TRANSACTIONAL DHARMA (THE)

publié le

Le label Ghost Box, l’invention d’une nouvelle nostalgie

 

 

« (…) Pour user d'une terminologie naïve en accord avec des sentiments naïfs on pourra dire que l'événement qui s'est produit n'est pas le bon ; le bon événement, l'événement qui aurait seul le droit de se dire véritablement réel, est justement celui qui n'a pas eu lieu, étouffé avant de naître par son double truqué. L'événement réel, au sens courant du terme, est ainsi toujours l'autre du bon »
(Clément Rosset dans Le Réel et son double)

gbGhost Box est un label dont les artistes – Belbury Poly, Focus Group, Advisory Circle, etc. – partagent une même fascination pour les sons anciens, délaissés, oubliés, des instruments électroniques de collection, ainsi que pour un folklore anglais disparu, et trouvent, comme leurs collègues du label Trunk, une même source d’inspiration dans la library music qui constituait la musique de fond de la radio et de la télévision de leur enfance.
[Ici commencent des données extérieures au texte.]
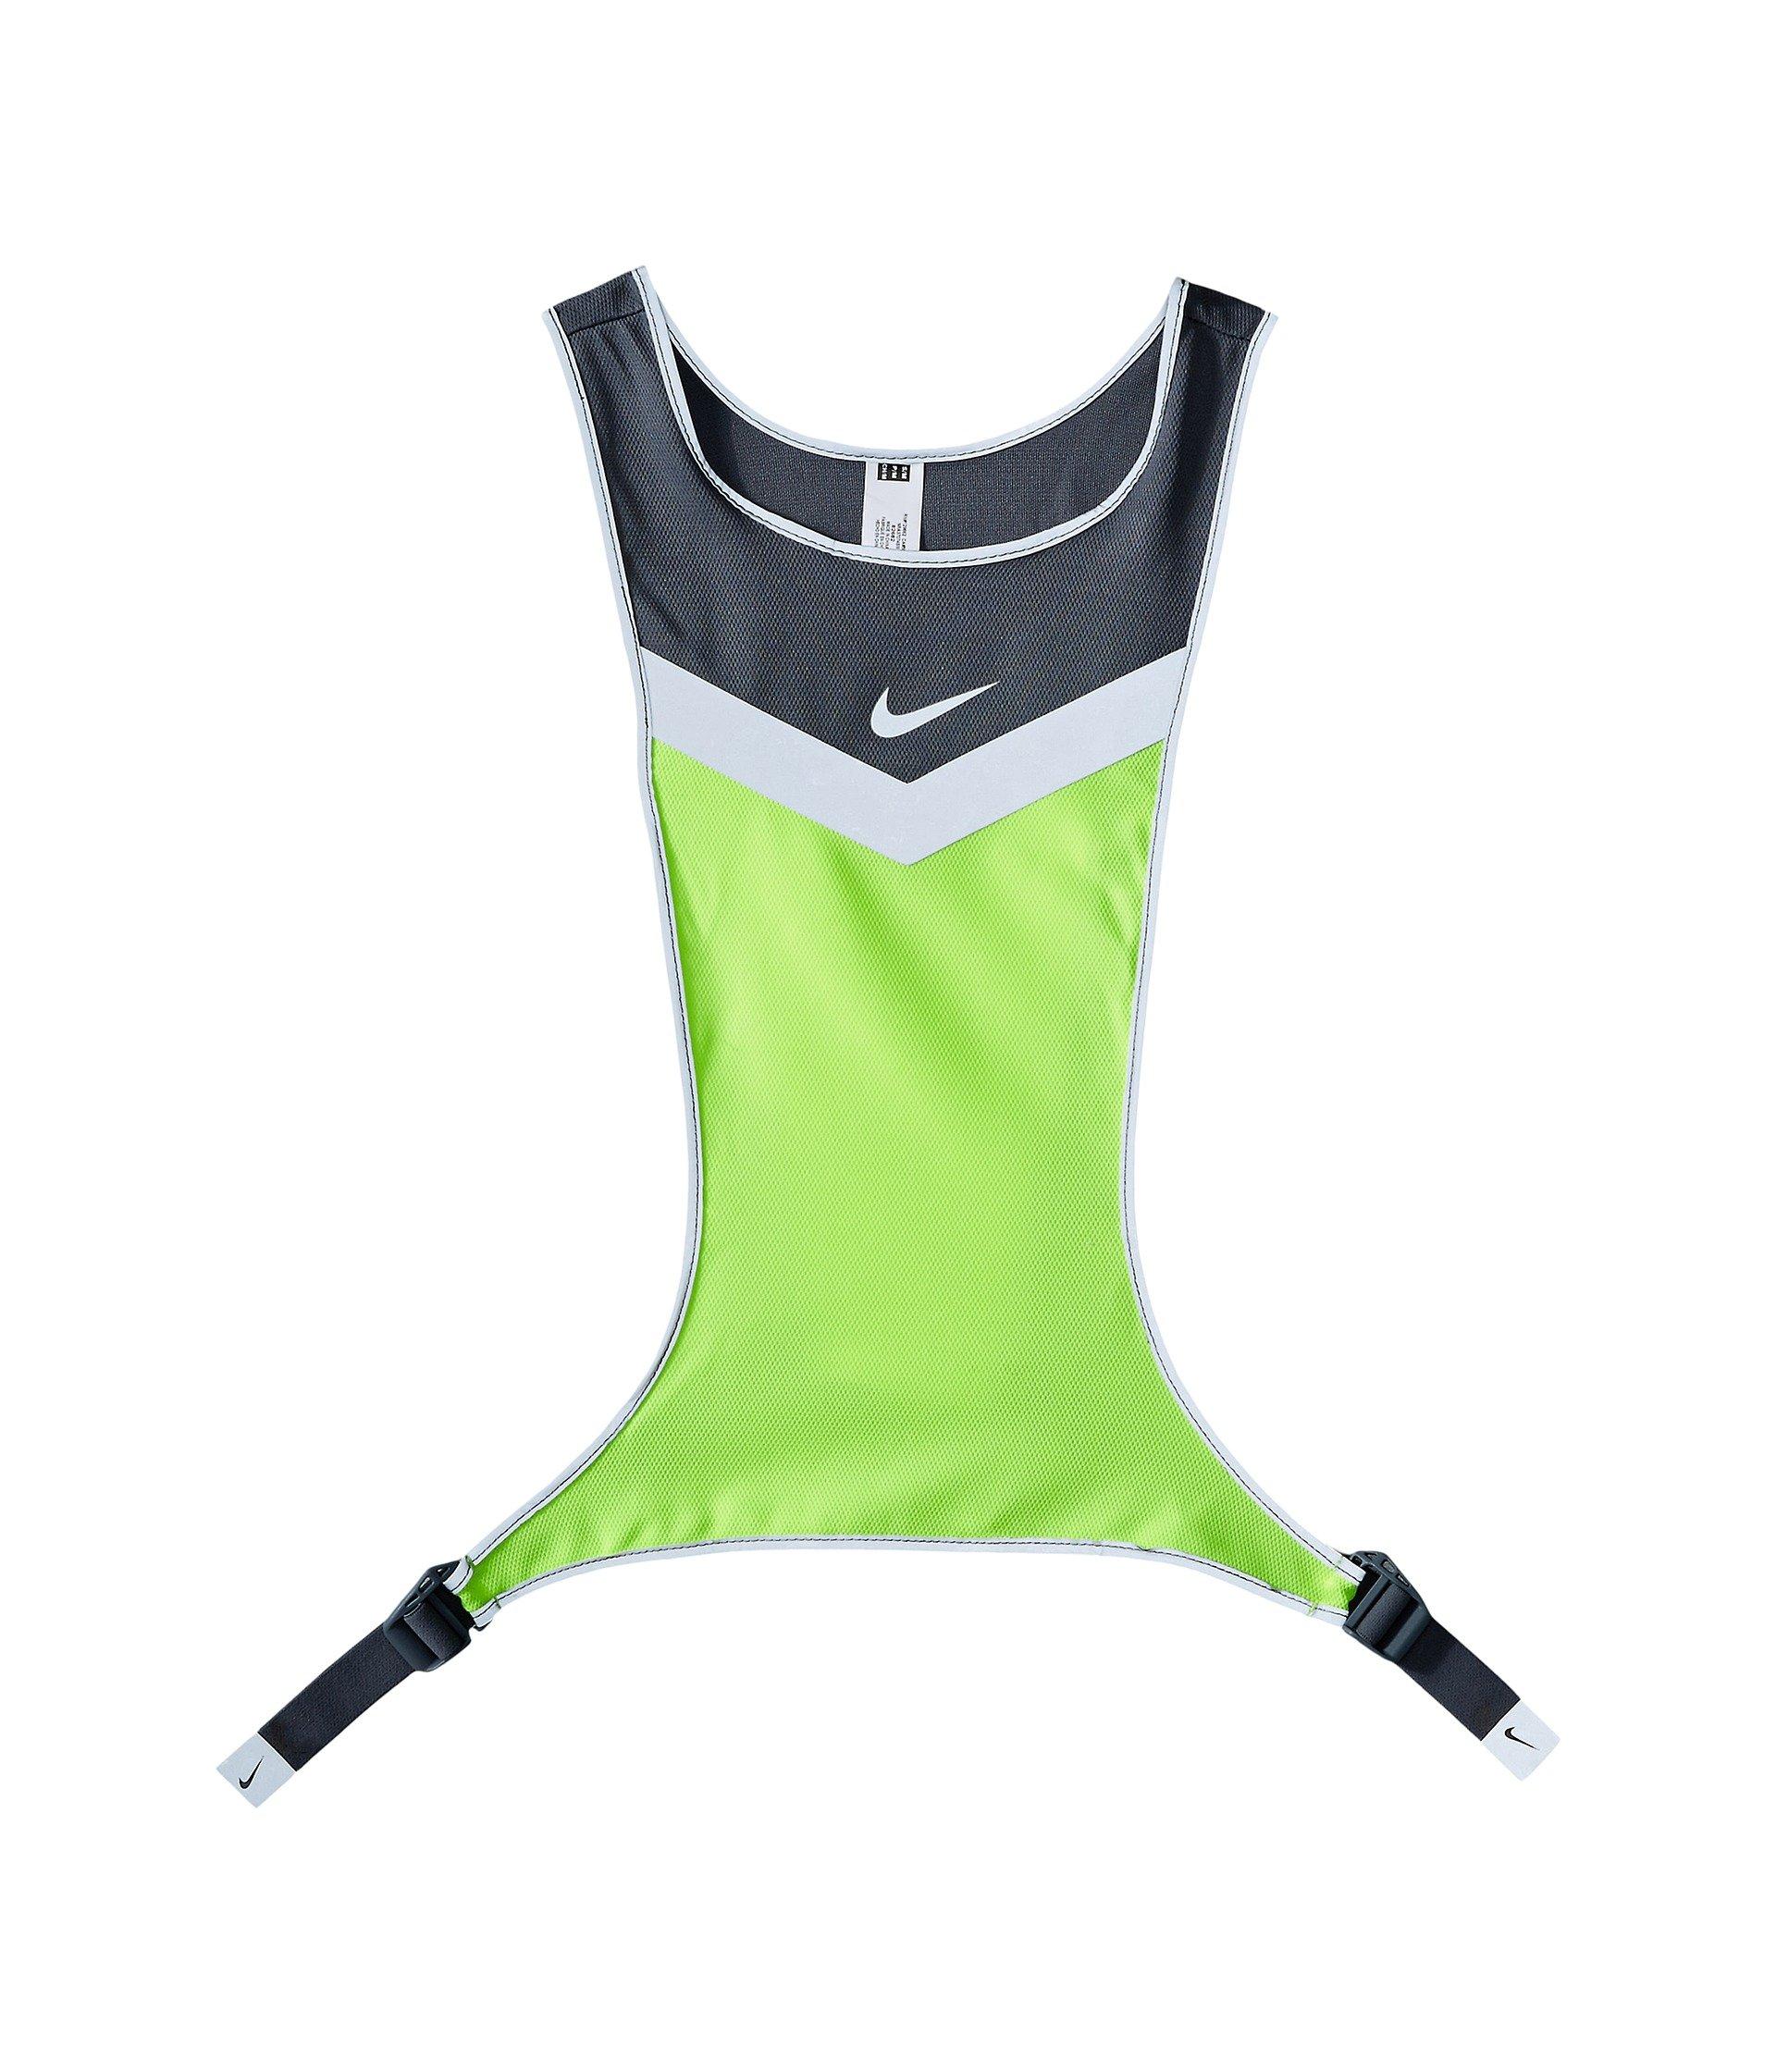 Nike Vividstrike Run Vest, Cool Grey/Volt/Silver, SM/MD by Nike

Ils produisent une musique de recyclage, donc, réutilisant ces objets abandonnés, ces détritus culturels dont plus personne ne veut, pour créer une des musiques les plus intéressantes de ces dernières années, mais aussi une de celles qui posent le plus de questions. Par-delà leur diversité musicale, la plupart de ces groupes produisent tous une musique qui est à la fois extrêmement pop, et extrêmement expérimentale. Si elle peut sembler totalement familière à première écoute, et ses sons nous paraître connus depuis toujours, sa forme est toutefois essentiellement neuve. À travers le collage, la relecture, la citation, le sampling, ils confectionnent à partir de fragments du passé une musique qui est incontestablement actuelle. Malgré la part de nostalgie indiscutable de leur démarche, ils sont à l’opposé d’une reproduction pure et simple des temps anciens; il n’y a chez eux aucun désir de revival mais au contraire la présentation du passé comme quelque chose dont il est impossible de se défaire. Quelques critiques ont élaboré à propos de la musique du label – et d’autres genres musicaux comme le Dub ou le Dubstep – le terme d’Hauntology, emprunté à Derrida dans sa traduction anglaise. Ce terme-valise qui combine les propriétés de l’existence, l’ontologie, avec la présence des fantômes, était à l’origine destiné à désigner la permanence de l’Histoire, sous une forme spectrale, dans tout ce qui fait le présent.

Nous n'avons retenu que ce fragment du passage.